Num levantamento feito pelo grupo de estudos Covid-19 Analytics, formado por professores da PUC-Rio e da Fundação Getulio Vargas (FGV), que leva em conta o número de óbitos por milhão de habitantes, o Rio ocupa o segundo lugar num ranking apenas de países. Em primeiro lugar, está San Marino.

— A gente levou em conta o dia epidemiológico de cada país para conseguir comparar no exato momento da pandemia — explica Marcelo Medeiros, professor de economia da PUC e coordenador da equipe.

Ao superar os 15 mil óbitos, o Rio se equipa a outros estados muito abalados pela pandemia, como Nova Jersey (com 15.953), no Estados Unidos, e Lombardia (com 16.857), na Itália. Em Nova York, onde a doença foi avassaladora, o coronavírus já matou 32.891.

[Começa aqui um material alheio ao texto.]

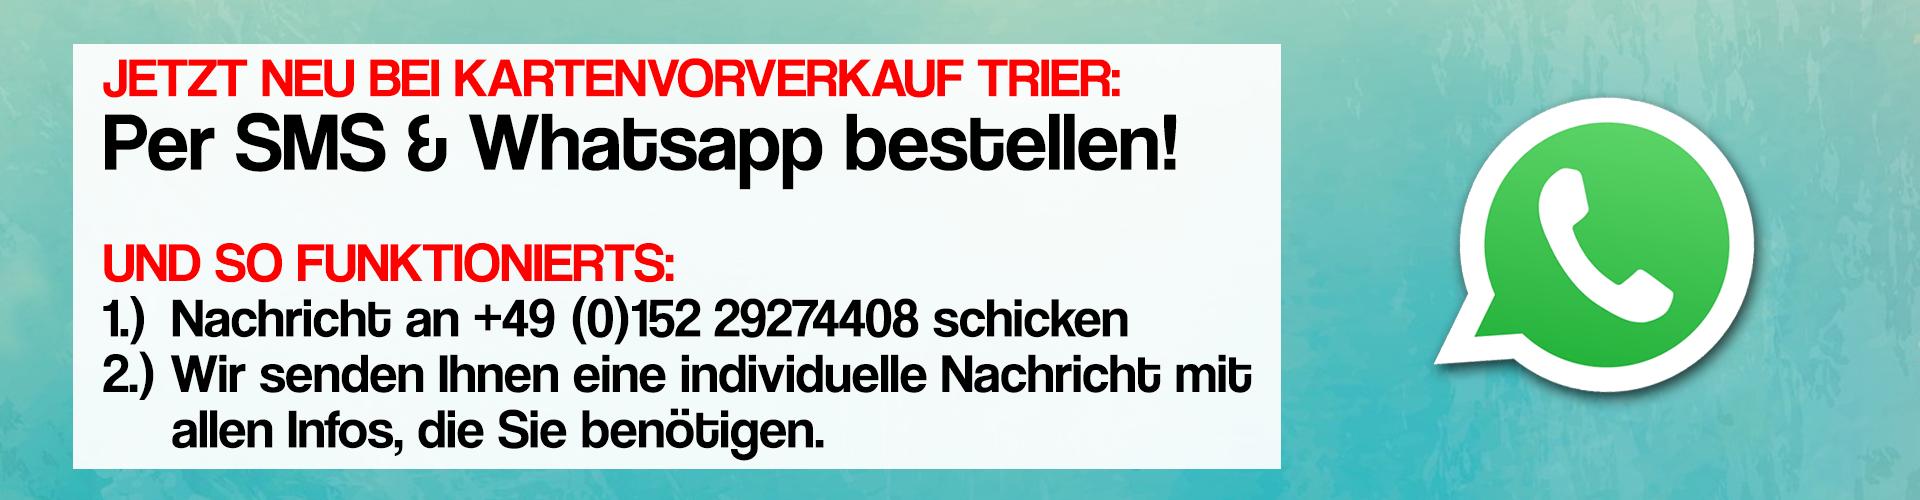 Per Whatsapp bestellen

Para o infectologista Mario Roberto Dal Poz, professor do Instituto de Medicina Social da Universidade do Estado do Rio de Janeiro (Uerj), o estado deixou de fazer o que a comunidade científica considera primário no controle de doença: identificar, isolar e monitorar os contaminados.

— O foco aqui foi a construção de hospitais, que hoje nem funcionam mais. Só que isso não é tudo. Não houve coordenação sanitária — disse o médico, que deixou o comitê científico que assessora o governo estadual após os escândalos de corrupção na Saúde.